To get started, take and write down each digit times two, then put down the power of two from the end, starting from zero. Then add the resulting number.

For example, we will analyze with you the number 1001 obtained earlier, converting it to the decimal system, and at the same time check the correctness of our calculations.

It will look like this:

1 * 2 ³ + 0 * 2 ² + 0 * 2 ¹ + 1 * 2 ⁰ = 8 + 0 + 0 + 1 = 9.

When studying this topic, it is convenient to use a table with powers of two. This will significantly reduce the amount of time required for the calculations.

Other translation options

In some cases, the translation can be carried out between the binary and octal number system, binary and hexadecimal. In this case, you can use special tables or run the calculator application on the computer by selecting the option “Programmer” in the view tab.

Arithmetic operations

Regardless of the form in which the number is presented, it is possible to carry out calculations that are familiar to us. This can be division and multiplication, subtraction and addition in the number system that you have chosen. Of course, each of them has its own rules.

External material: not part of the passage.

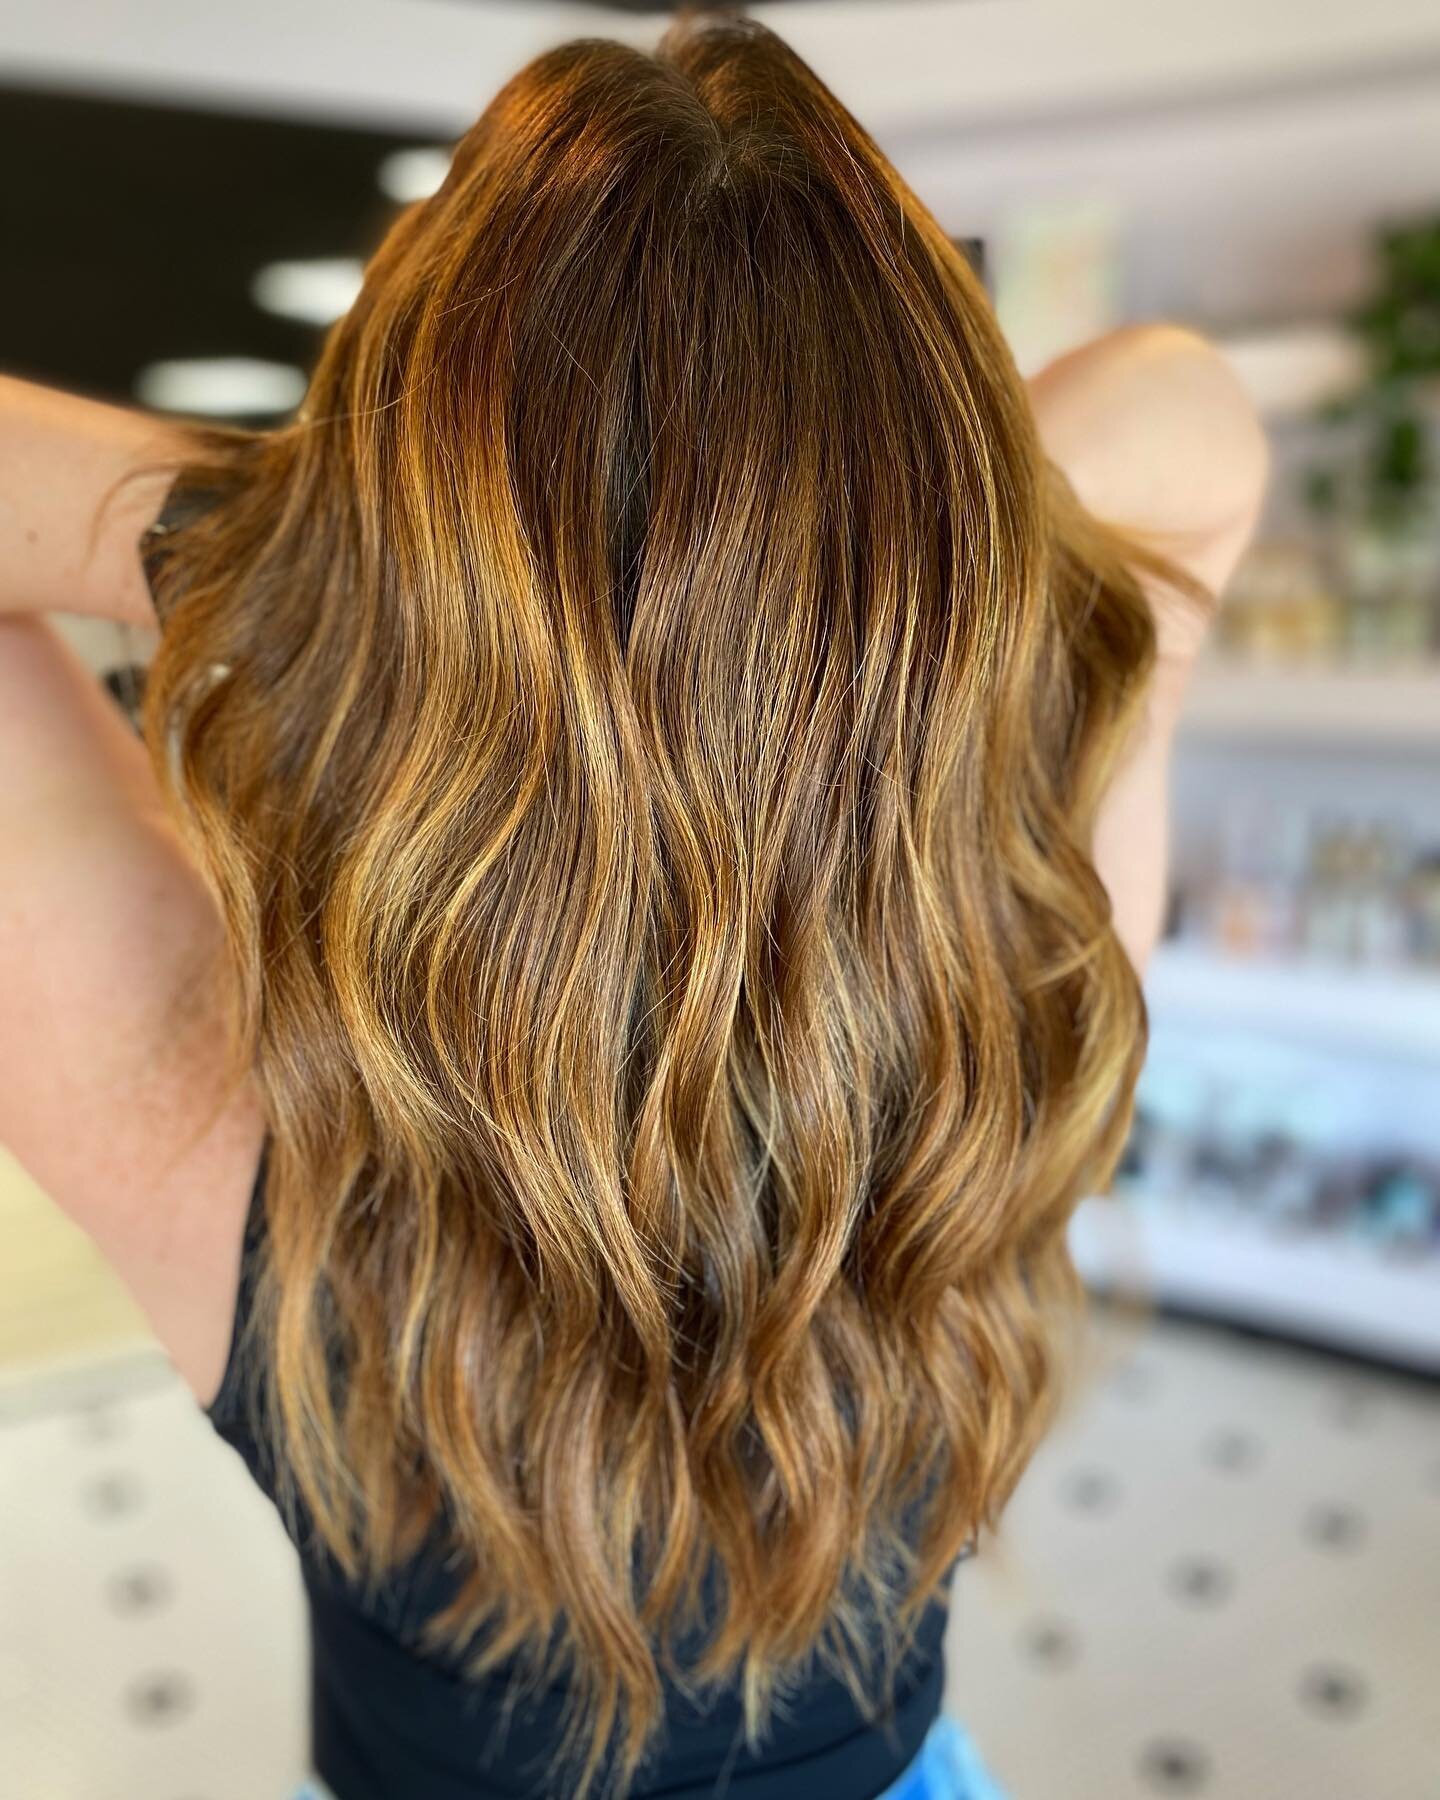 Session one for @alexprismhair getting her ends just a bit blonder 💛 We&rsquo;ll do a few balayage sessions about a month apart to build dimension and she gonna ✨glow✨

#reallifehair #susannahcrafthair #prismhairrva #prismglowup #rvacolorspecialist

So for the binary system developed its own tables for each of the operations. The same tables are used in other positional systems.

It is not necessary to memorize them - just print it out and have it handy. You can also use the calculator on your PC.

One of the most important topics in computer science is the number system. Knowing this topic, understanding the algorithms for translating numbers from one system to another is a guarantee that you can understand more complex topics, such as algorithmization and programming, and you can write your first program yourself.